2020年11月18日水曜日

福島県のアマゴイルリトンボ

 福島県における分布                 

                                                  成熟した雄 猪苗代町 2018,6.17

ある関西の友人から、アマゴイルリトンボは福島県で一番、観察に良い所はどこか?と聞かれました。でもすぐに答えることができません。はて、どこだろう?と。高校生の時に、福島市の土湯温泉に家族で訪れた時に近くの男沼、女沼を探索しました。この時見慣れぬイトトンボを採集して何だろうと家に帰ってから調べました。どうやらアマゴイルリトンボらしいと目星を付けましたが、良くわかりません。たまたま、月刊むしに朝比奈先生が書いていておられるのを見て、思い切ってその住所に採集品をお送りしてみました。今考えれば、ずいぶん思い切ったことをしたものだと思います。しかし、先生からはすぐにびっしりと書き込まれたはがきを頂戴し、このトンボはあなたの見立て通り、アマゴイルリトンボで、福島県では裏磐梯の五色沼から記録があることを教えていただきました。新知見だからTomboに投稿してほしい、と依頼され、それと引き換えに半ば強制的に蜻蛉学会に入会させられました。

そしてこの時の報告がTomboに掲載されて、このことが自身にとって本格的に蜻蛉にのめりこむ転機となったのです。そうした意味で、私にとってこのアマゴイルリトンボは思い出深いトンボでもあるのです。後年、新宿区百人町にあった科博をラオスのトンボ調査のため訪れた時に、朝比奈コレクションの中に、かつて先生にお送りした土湯のアマゴイルリトンボが私が書いたラベルとともに大切に保管されているのを発見し、採集した時のことを懐かしく思い出しました。

現在、福島県内の本種の分布がかなり詳細に分かってきています。10数年前までは東から福島市土湯温泉湖沼群、北塩原村五色沼一帯、同雄国沼一帯、会津若松市猪苗代湖一帯そして遠く離れて、只見町沼の平が生息地として知られていました。しかし、とあることから、本種の分布が思ってもいなかった展開をみました。それはこれまで全く、想定していなかった地域、すなわち金山町の只見川沿いに点在する池沼、さらには只見町から旧南郷村、旧伊南村の伊南川沿いの河畔公園や池沼そして、昭和村などの周辺の山地に点在する湿原に広く、かなりの密度で本種が分布することが分かったのです。

今のところ、最も注目される分布域である伊南川流域では、旧伊南村大桃あたりが分布の南限となっています。

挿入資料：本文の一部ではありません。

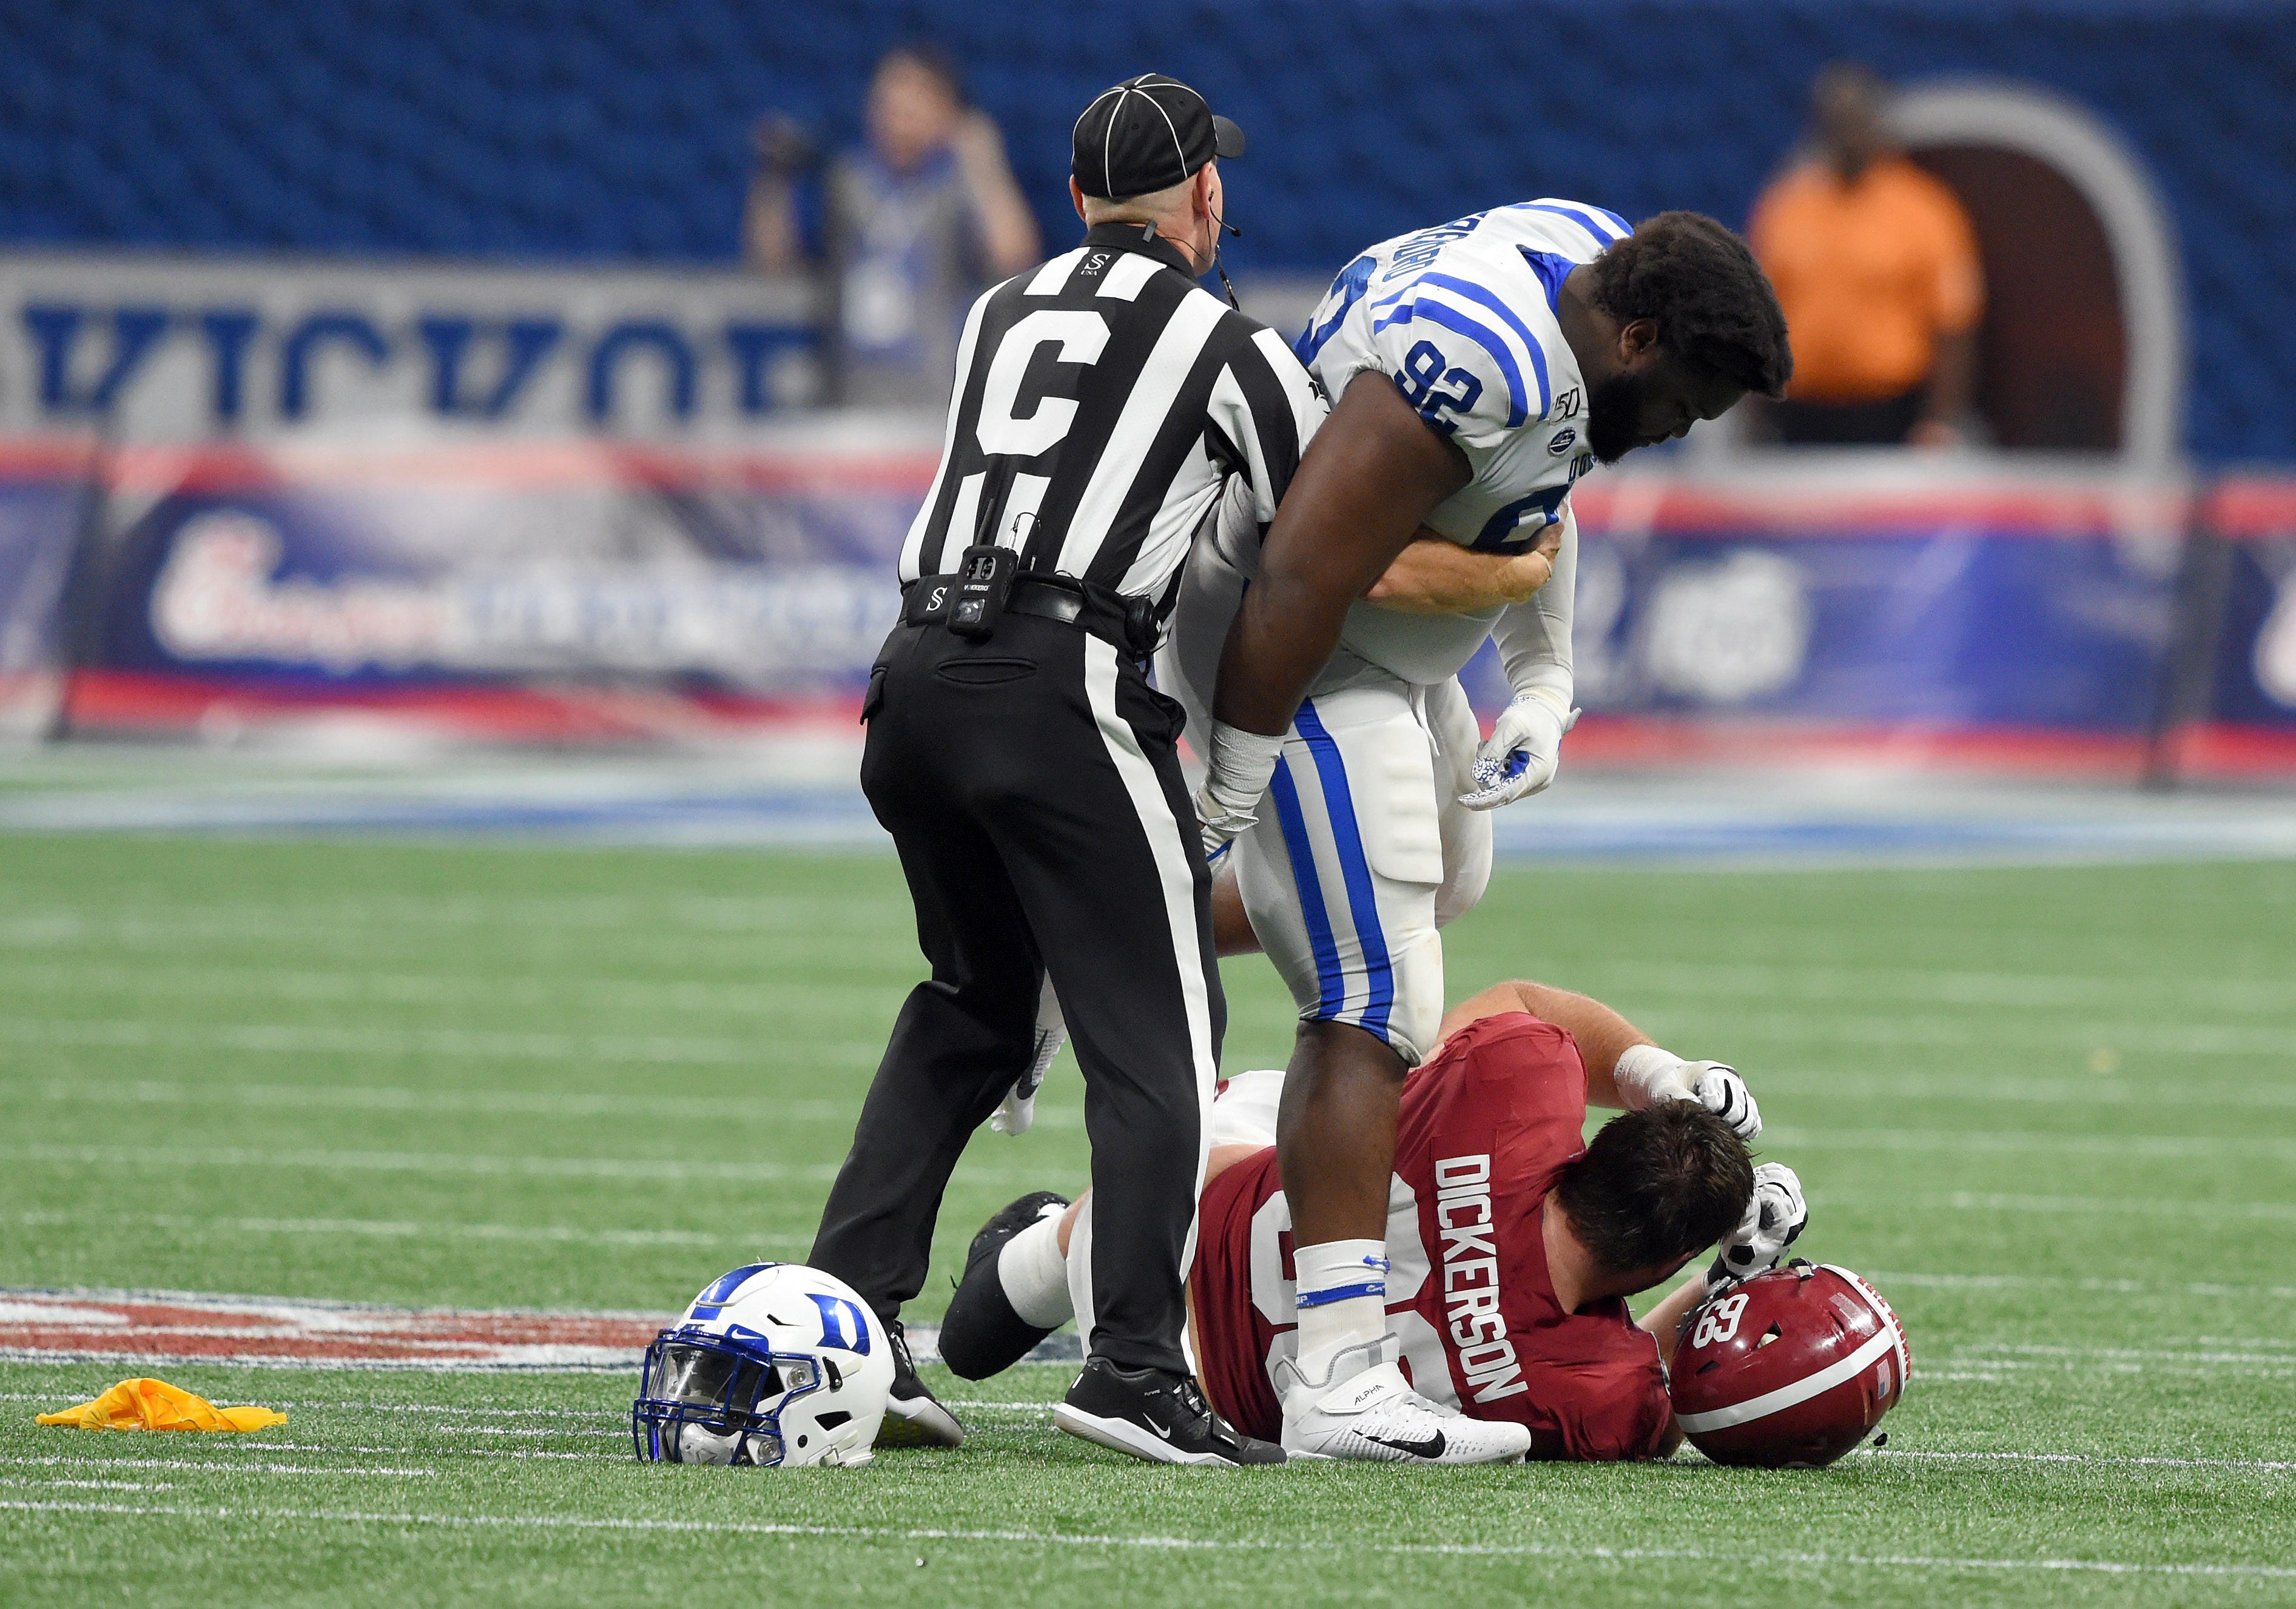 Aug 31, 2019; Atlanta, GA, USA; Duke Blue Devils defensive tackle Edgar Cerenord (92) gets restrained by an official as he hovers over Alabama Crimson Tide offensive lineman Landon Dickerson (69) during the third quarter at Mercedes-Benz Stadium. Cerenord was ejected from the game. Mandatory Credit: John David Mercer-USA TODAY Sports

最近はそれぞれの生息地のDNA分析などもおこなわれるようになってきており、地域差が若干みられるようだと聞いています。              

              福島県におけるアマゴイルリトンボの主な生息地

樹林性イトトンボであるアマゴイルリトンボ

このトンボに樹林性イトトンボの名を用いたのは大沢尚之・渡辺 守(1984)*さんたちではなかったかと思います。本種の生態を良く表した名前だと思います。生息地の多くは鬱蒼とした樹林の中にある池沼や湿地で、また水田脇の用水路などにも見られることがありますが、必ずそばに樹林が接していますし、繁殖行動している場合はほとんどが日陰や木漏れ日が射すような環境で行動しています。只見川沿いの生息地の多くは神社の薄暗い境内の池で、周囲は樹林で囲まれています。

 このトンボのヤゴは明らかに水温が低い水域に生息するトンボのように思います。猪苗代湖西南部のある生息地での観察では、圃場整備が成った水田地帯に供給する用水路のうち、最も端にある雑木林と水田の境界を流れるU字溝が生息地となっていて、斜面からの土砂流入で水路はかなり埋まっていてヒツジグサやショウブ、ヨシなどの水生植物が結構生えています。一部は灌木が覆うかぶさるような状況になっていました。産卵や雄の待ち伏せ行動はこの日陰になった水辺でおこなわれ、直射日光が射す部分には全く見られませんでした。肝心の水は雑木林から流れる出る水が水源となっていて、ほとんど帯水状態に見えます。この水路では水源に近い上流側に本種が、さらに50mほど下流にモノサシトンボが生息しており、その境目で若干混生しています。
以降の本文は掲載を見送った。